Data for the task
┄┄┄┄┄┄
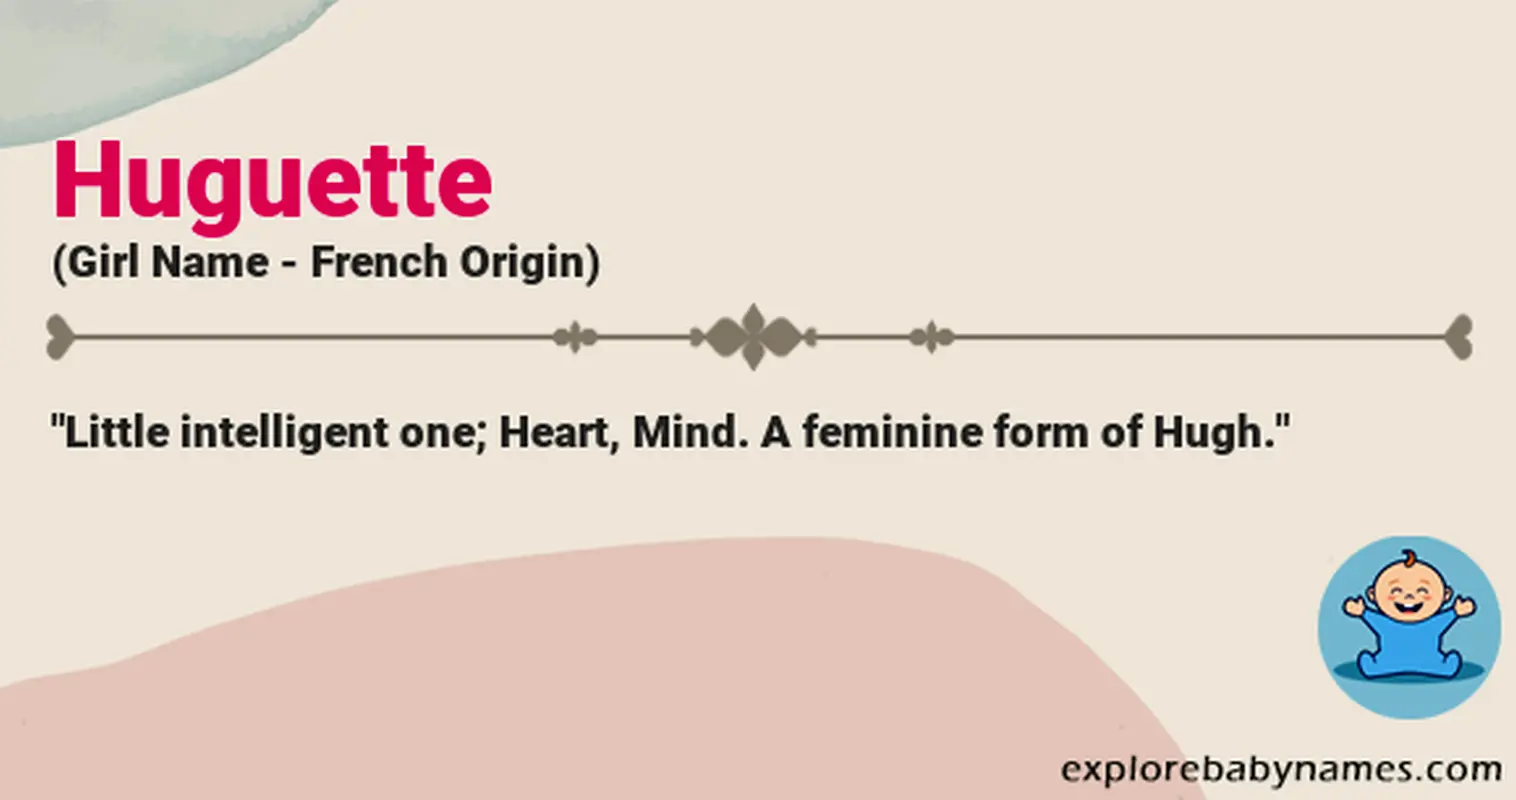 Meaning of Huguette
┄┄┄┄┄┄
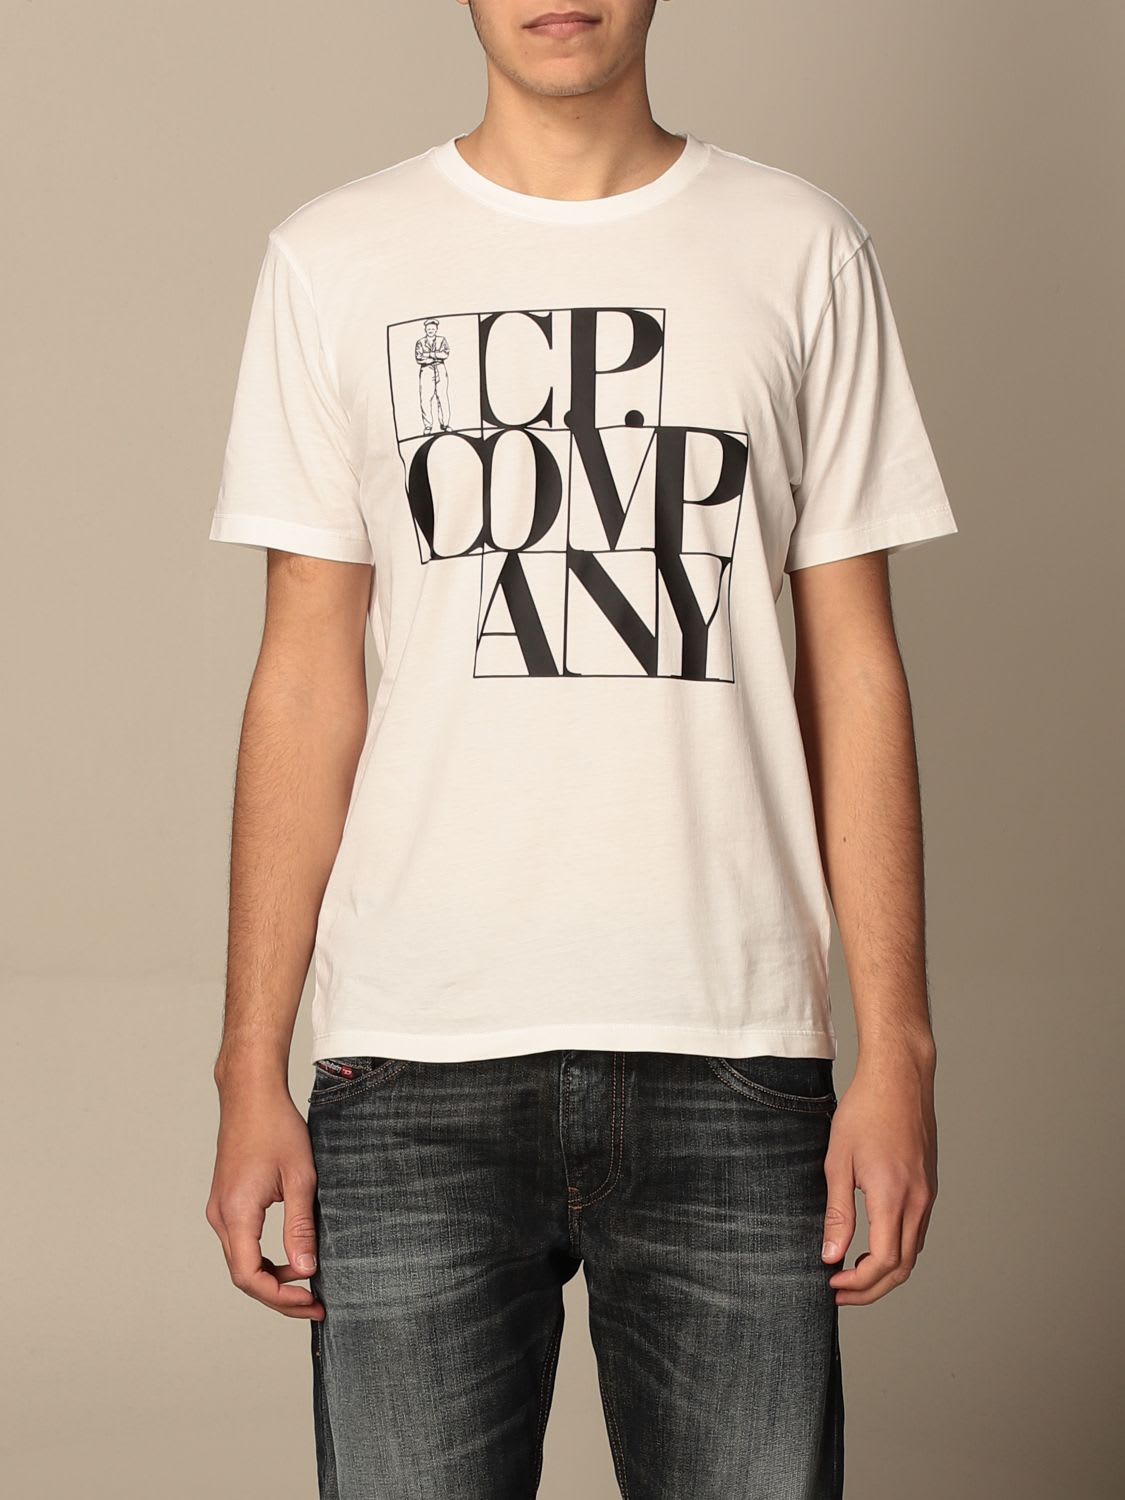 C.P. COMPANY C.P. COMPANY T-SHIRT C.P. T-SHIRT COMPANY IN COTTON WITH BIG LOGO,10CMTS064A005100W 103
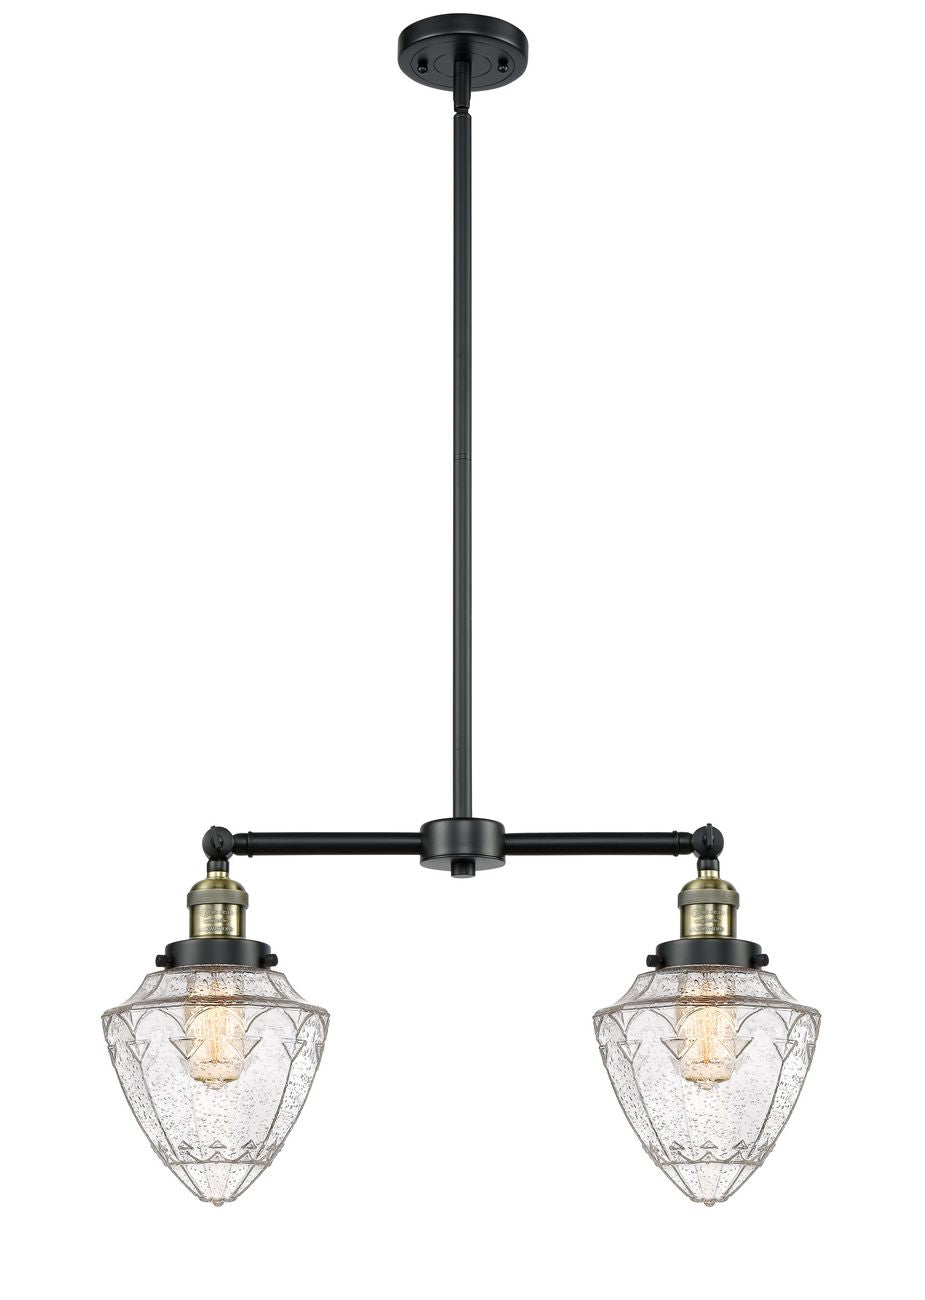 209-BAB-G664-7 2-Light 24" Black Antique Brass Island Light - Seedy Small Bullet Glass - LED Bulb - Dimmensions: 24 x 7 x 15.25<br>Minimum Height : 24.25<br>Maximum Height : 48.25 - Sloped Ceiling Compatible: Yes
┄┄┄┄┄┄
About this task
Go to the line above that contains "C.P. COMPANY C.P." and reproduce everything exactly from there through the line that contains "Ceiling Compatible: Yes", leaving out the pictures.

Result of the task
 C.P. COMPANY C.P. COMPANY T-SHIRT C.P. T-SHIRT COMPANY IN COTTON WITH BIG LOGO,10CMTS064A005100W 103
 209-BAB-G664-7 2-Light 24" Black Antique Brass Island Light - Seedy Small Bullet Glass - LED Bulb - Dimmensions: 24 x 7 x 15.25<br>Minimum Height : 24.25<br>Maximum Height : 48.25 - Sloped Ceiling Compatible: Yes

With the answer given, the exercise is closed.